During the summer months, Camp Grayling hosts National Guard units from Michigan, the surrounding states, and Canada. Large artillery, mortar, and tank ranges as well as maneuver courses highlight the camp. Recently Forward Operating Bases have been constructed to allow company-sized units to simulate operations.

For two weeks each year starting in 2014, Camp Grayling hosts the National Guard's Exportable Combat Training Capability program. Each year, Camp Grayling schedules training for over 20,000 military personnel from National Guard units from Indiana, Illinois, Michigan, and Ohio, as well as regular Army and Reserve units.

Each year since 2011 Camp Grayling has hosted Northern Strike. Military units from neighboring states, the U.K. and other U.S. allies participate. During the exercise the population on base swells to over 2,000 military personnel.

In February 2026, the U.S. Army and National Guard Bureau designated Camp Grayling's National All-Domain Warfighting Center (NADWC) as a national range for uncrewed aerial systems (UAS) testing and training.

Grayling Army Airfield is located at Camp Grayling and includes 70 helicopter tiedown pads as well as two 5000 ft runways capable of handling C-130 and C-17 aircraft. Camp Grayling has over 600 soldiers in traditional Army National Guard units regularly assigned to it.

The installation provides over 200 full-time jobs to local residents. Consequently, Camp Grayling is one of the largest employers in the county. The camp activities generate over $30 million annually in the local economy.
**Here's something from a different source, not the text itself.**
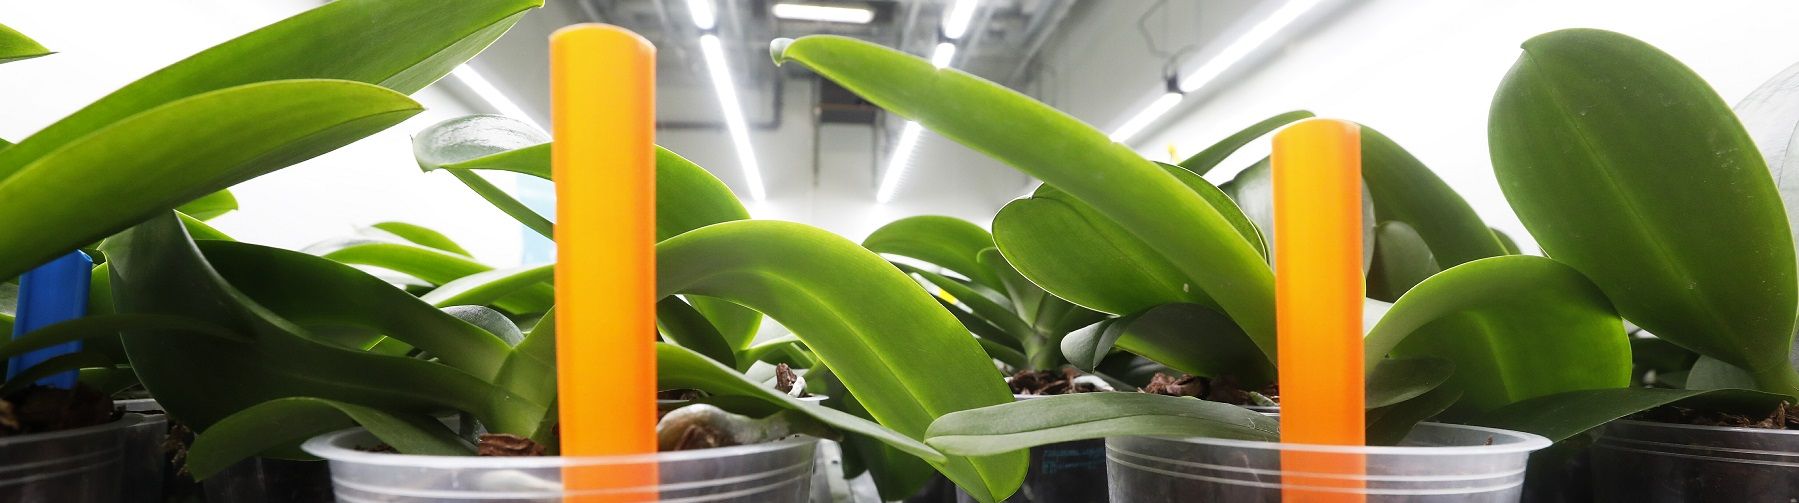 Plant Lighting: jaarrond teeltproeven in klimaatkamers

The camp has a partnership with the Northern Michigan Law Enforcement group for training purposes. The camp has small arms ranges and urban assault ranges. Camp Grayling has an IED (improvised explosive device) Lane. This is used to train troops to protect themselves from IED's. They have a 10.2 mi live fire convoy commander's reaction course that trains commanders. The post is used for research and development.

A central attraction of Camp Grayling is Lake Margrethe.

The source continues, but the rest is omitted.